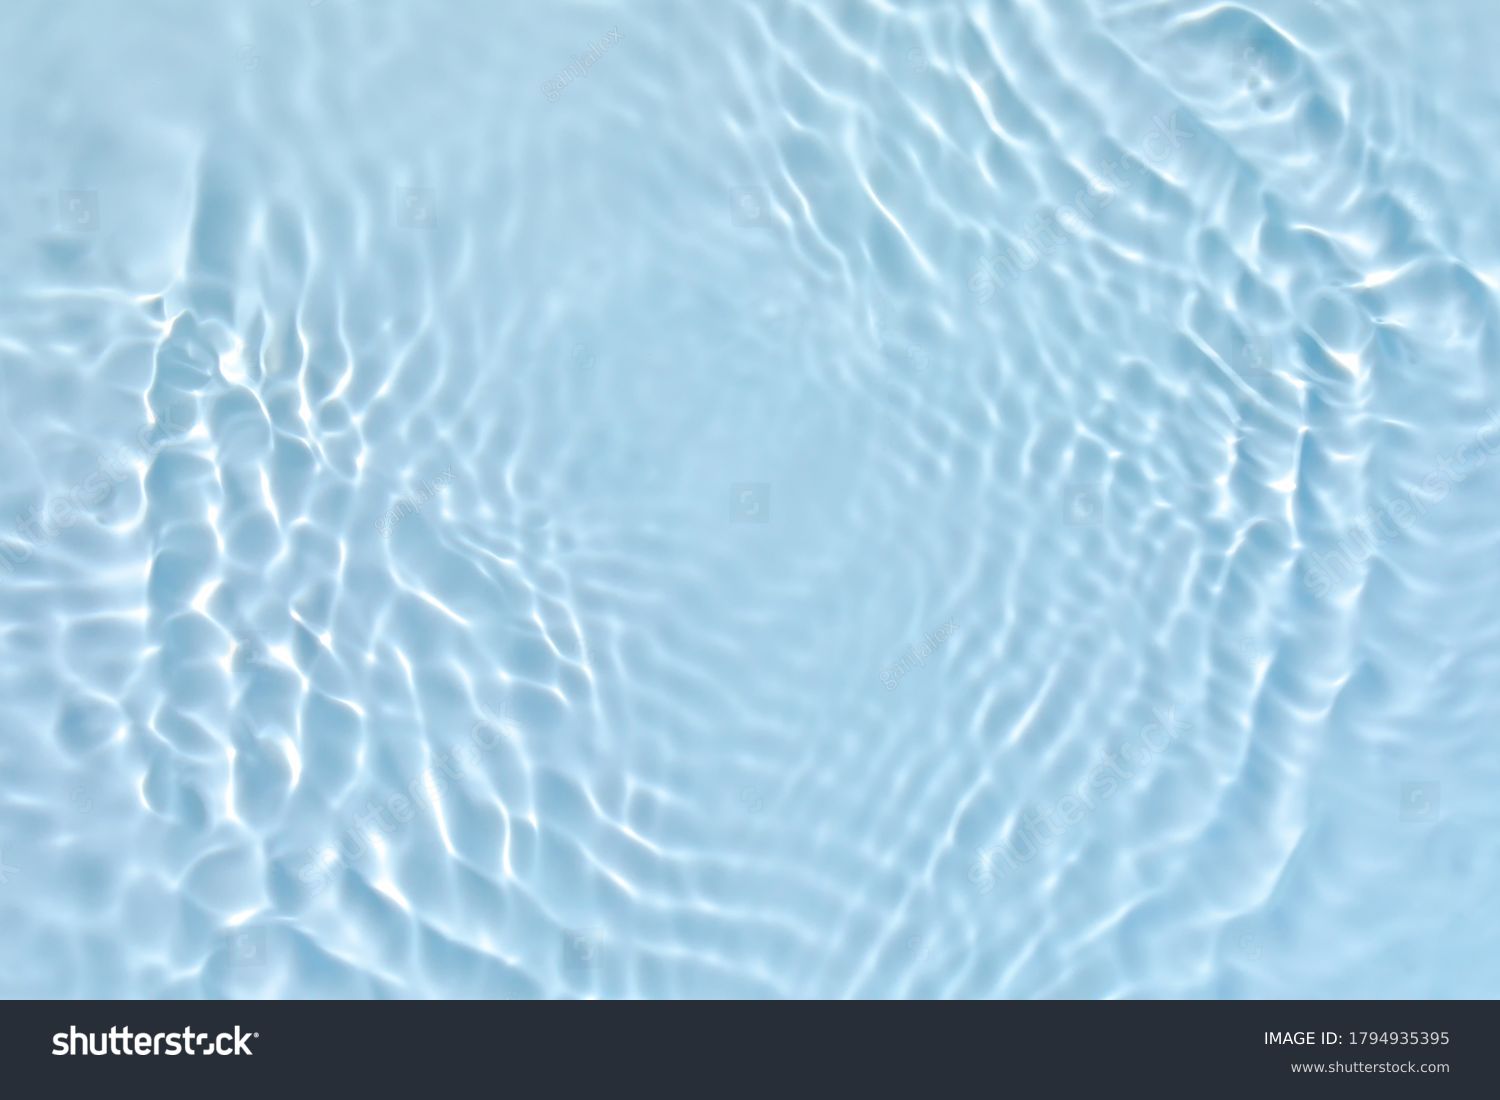 Blurred transparent blue colored clear calm water surface texture with splashes and bubbles. Trendy abstract nature background. Water waves in sunlight. #1794935395
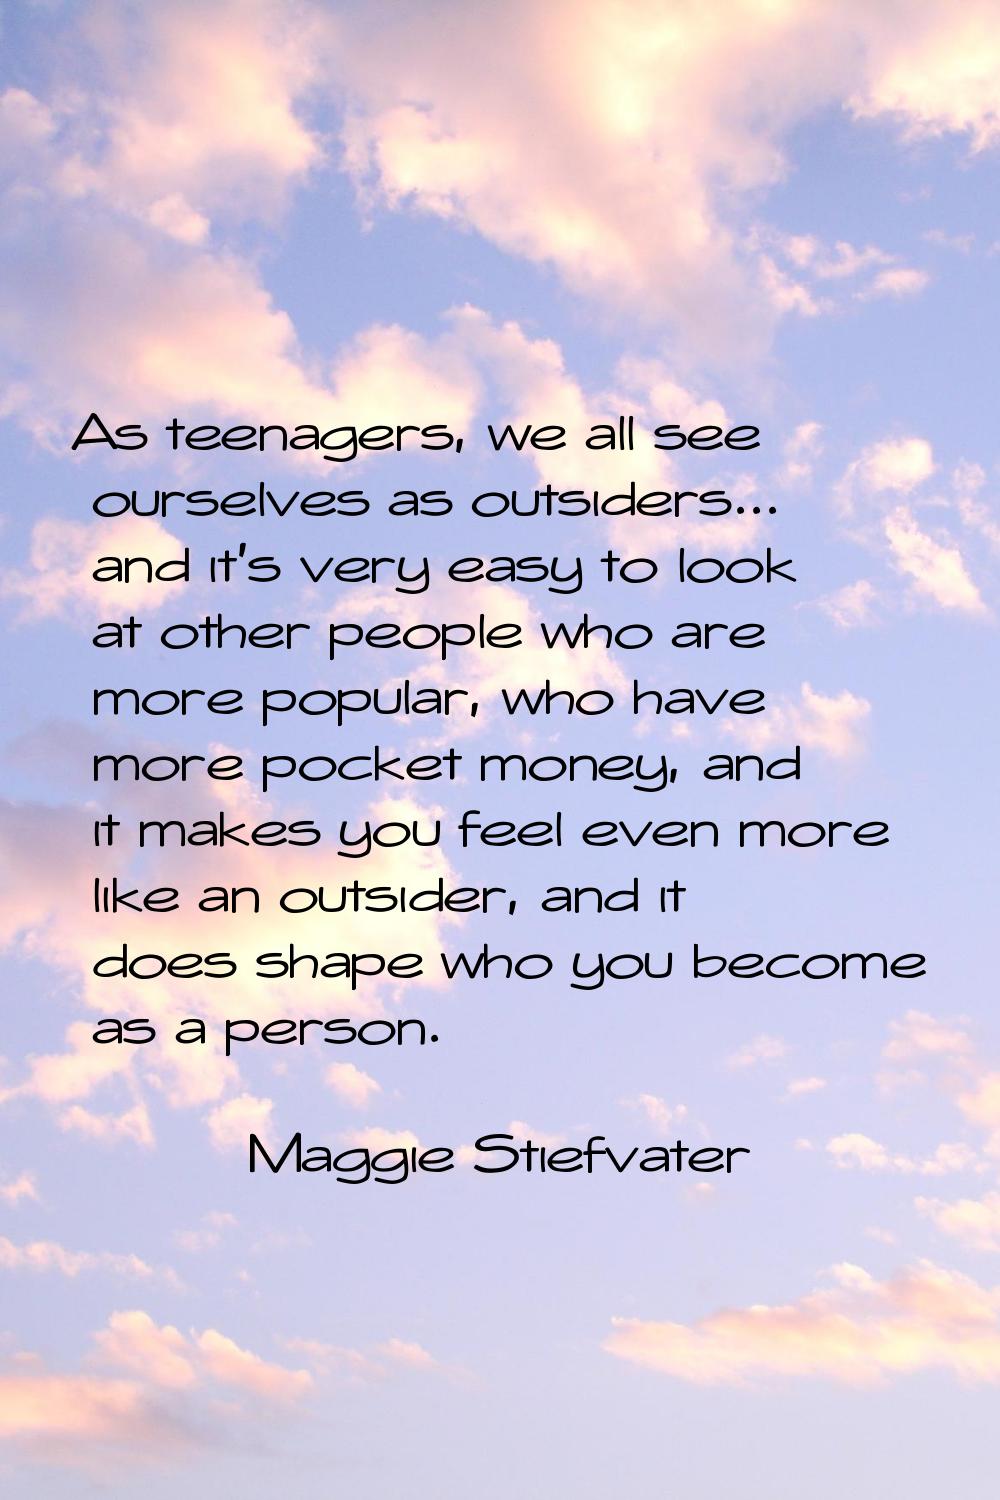 As teenagers, we all see ourselves as outsiders... and it's very easy to look at other people who a
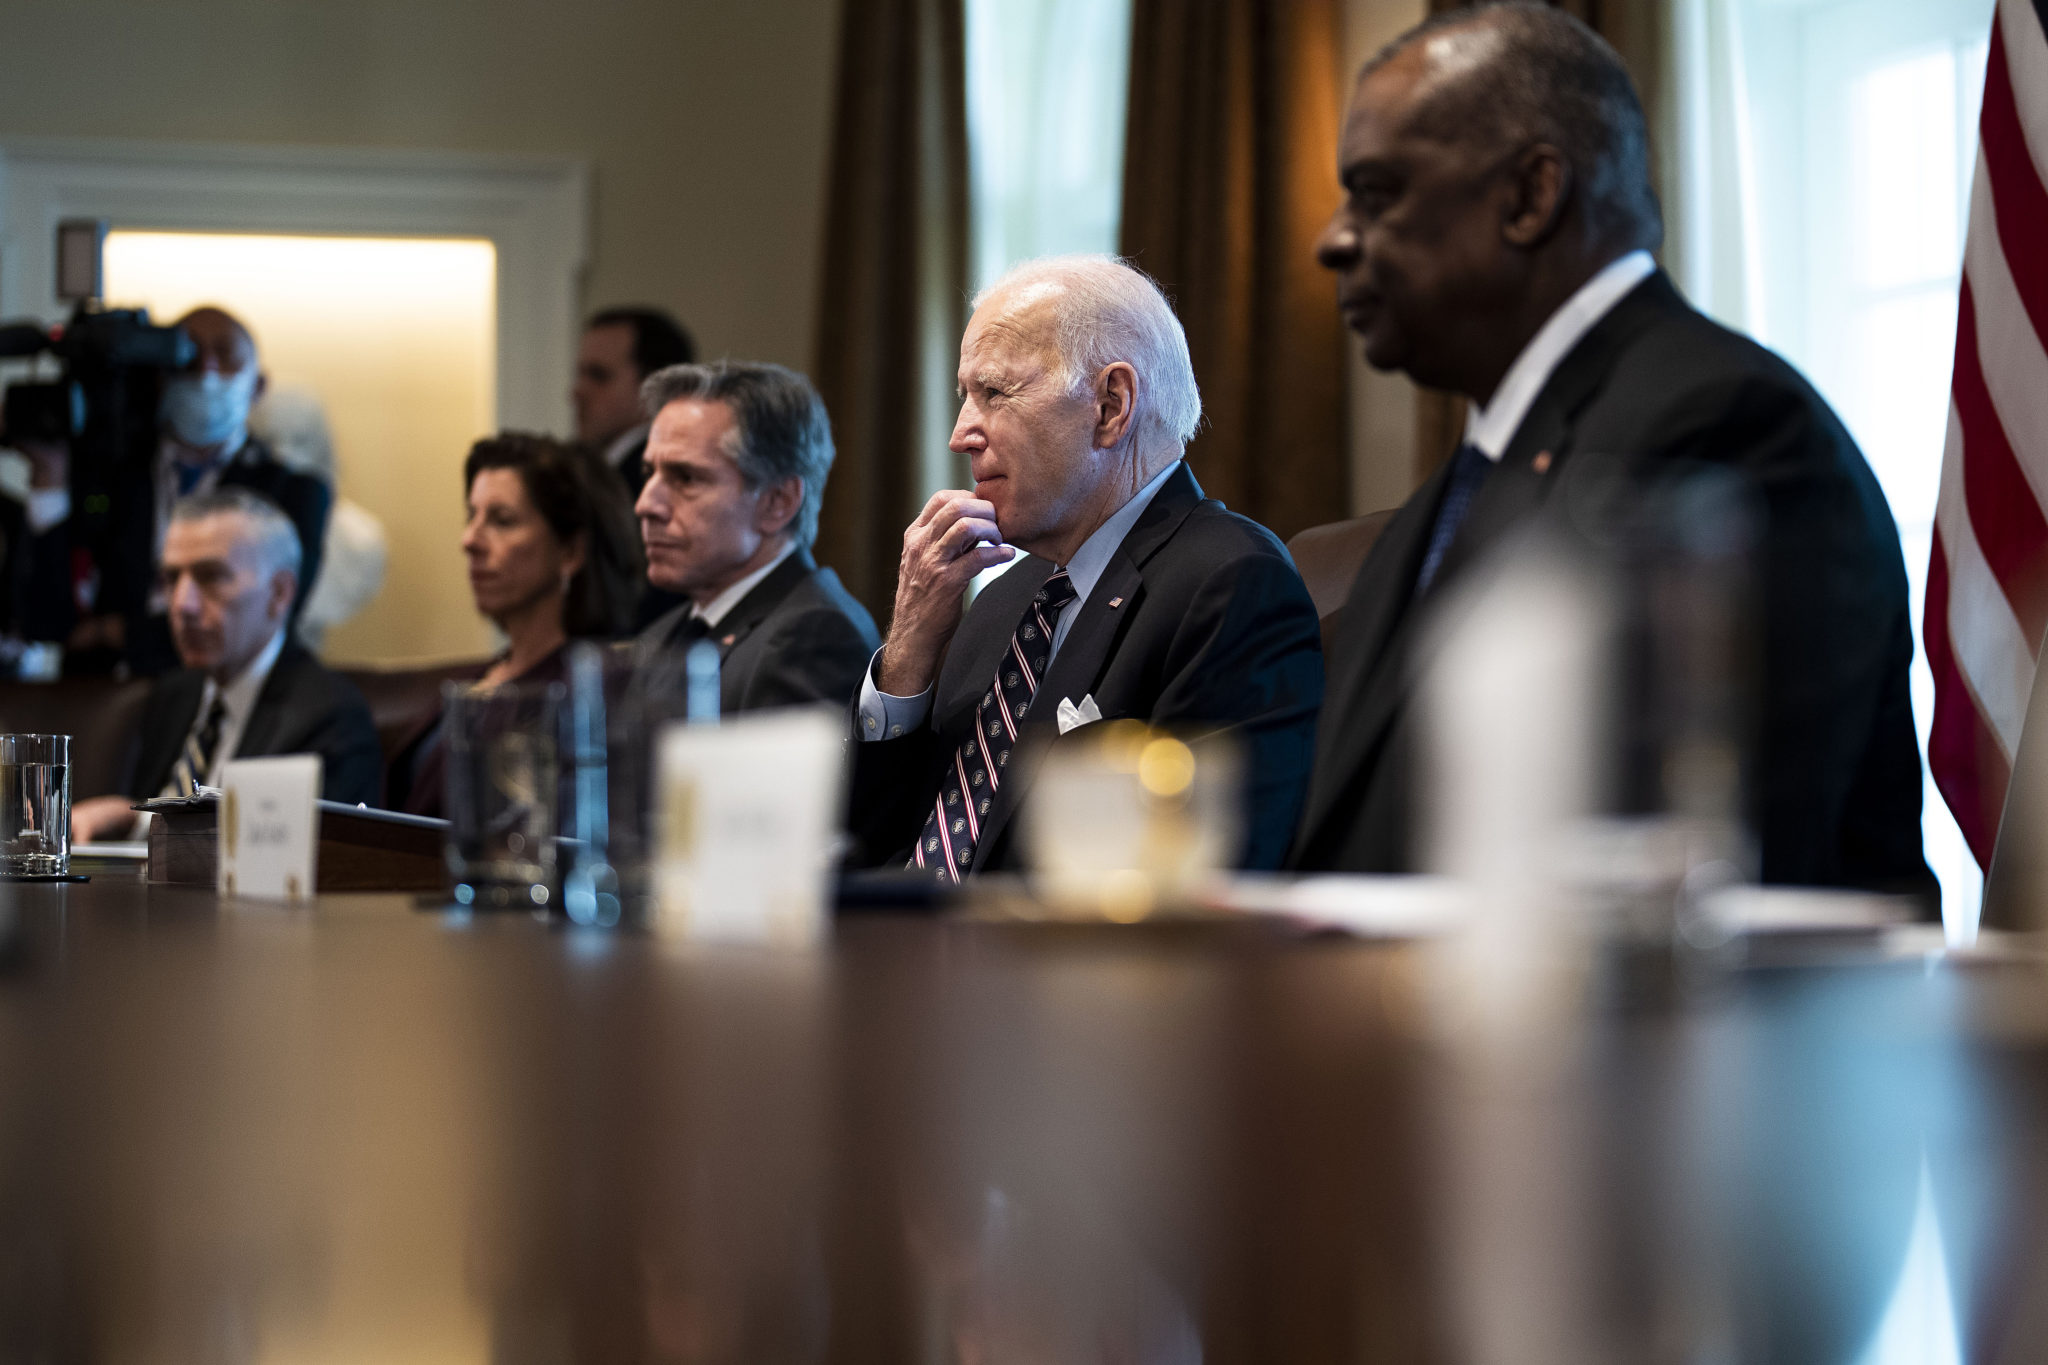 President Biden Meets With Colombian President Duque At The White House
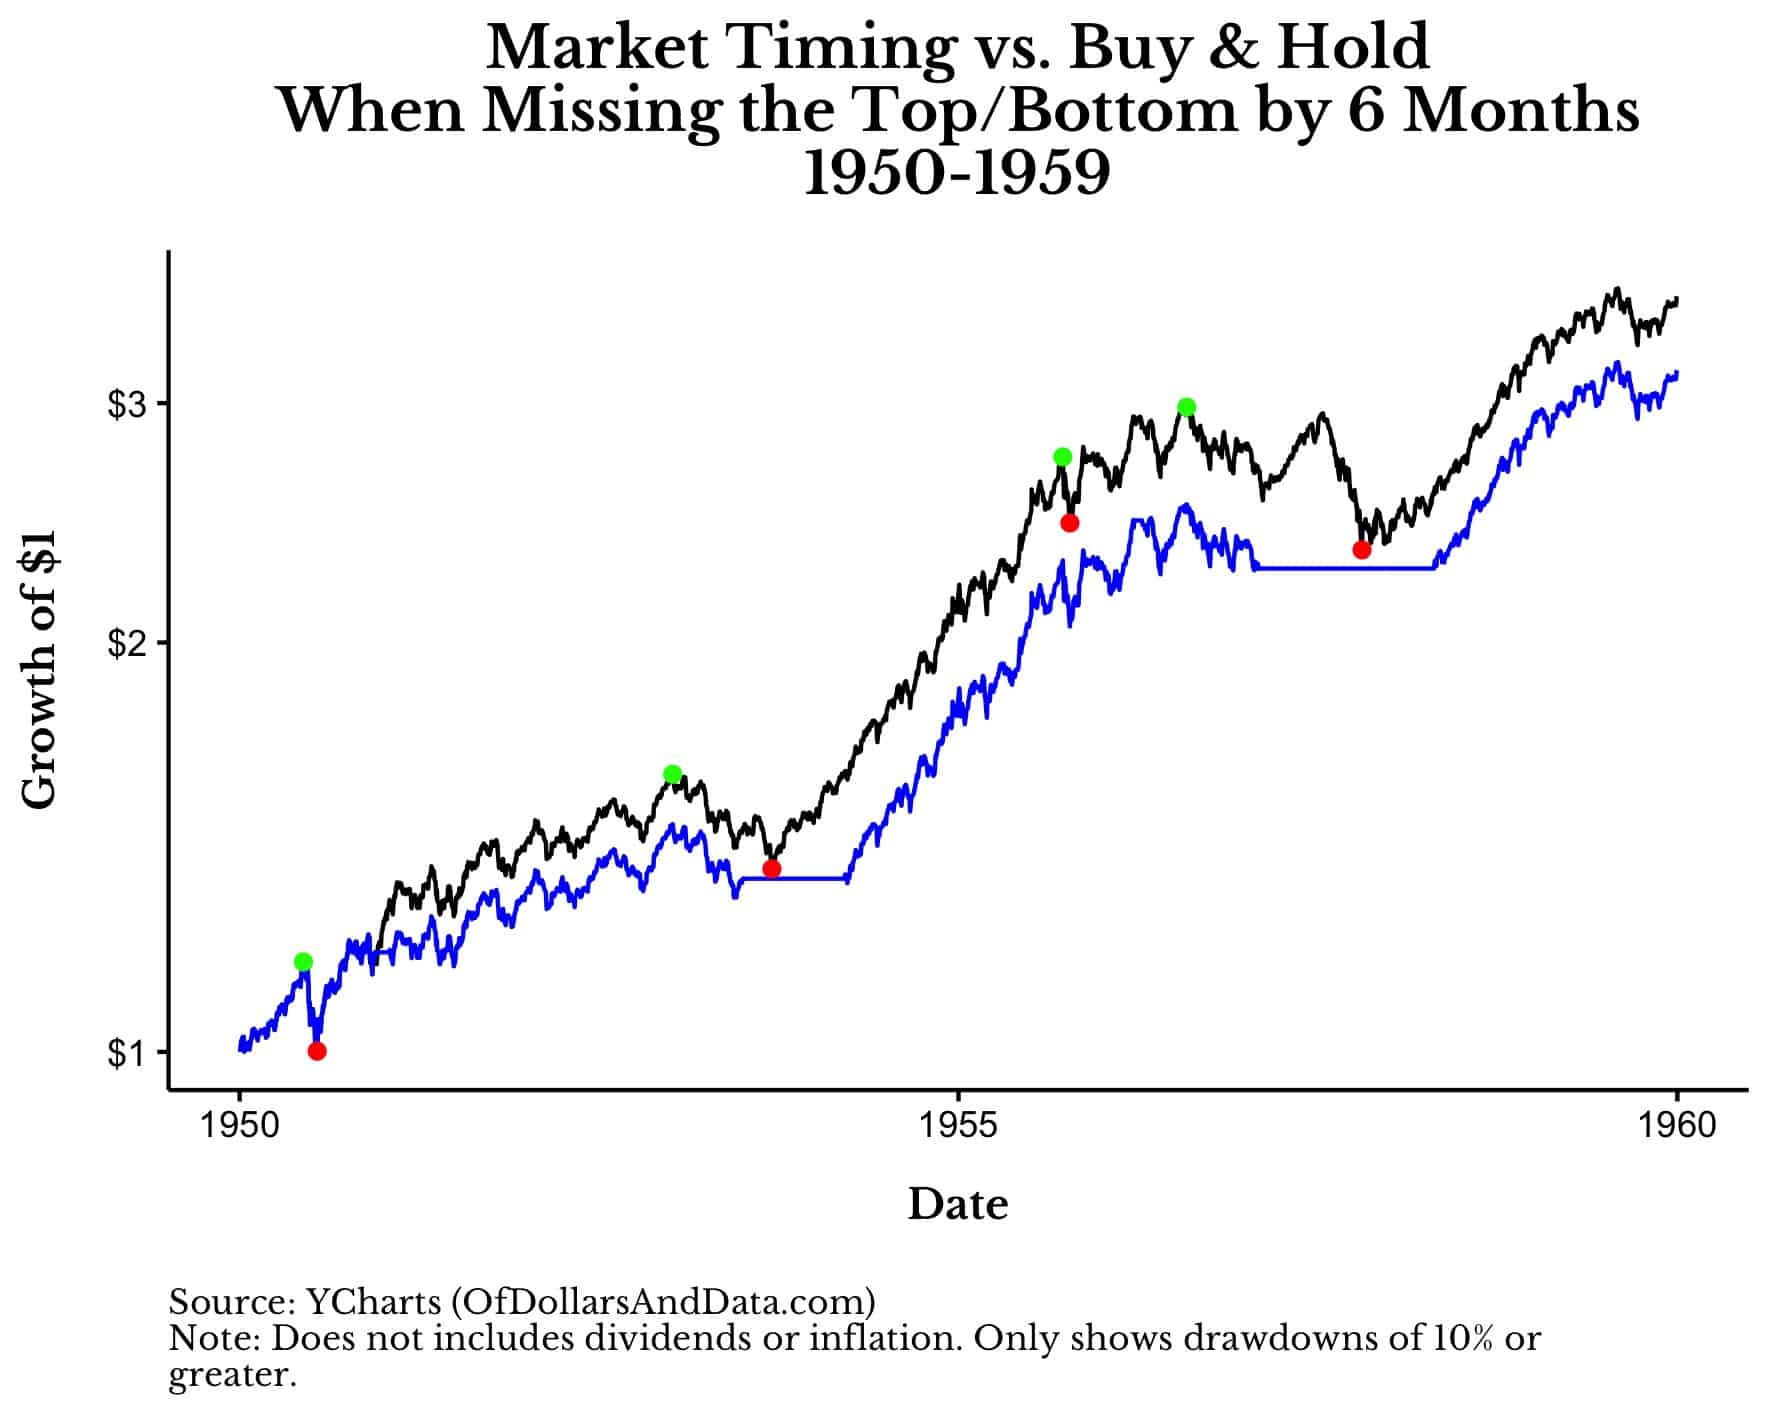 Market timing vs Buy and Hold when missing the top/bottom by 6 months, 1950-1959
++++++++++++++++++++
### Assigned task:
The expected answer is the full listing above, transcribed exactly and without pictures.

### Exercise result:
 Blurred transparent blue colored clear calm water surface texture with splashes and bubbles. Trendy abstract nature background. Water waves in sunlight. #1794935395
 As teenagers, we all see ourselves as outsiders... and it's very easy to look at other people who a
 President Biden Meets With Colombian President Duque At The White House
 Market timing vs Buy and Hold when missing the top/bottom by 6 months, 1950-1959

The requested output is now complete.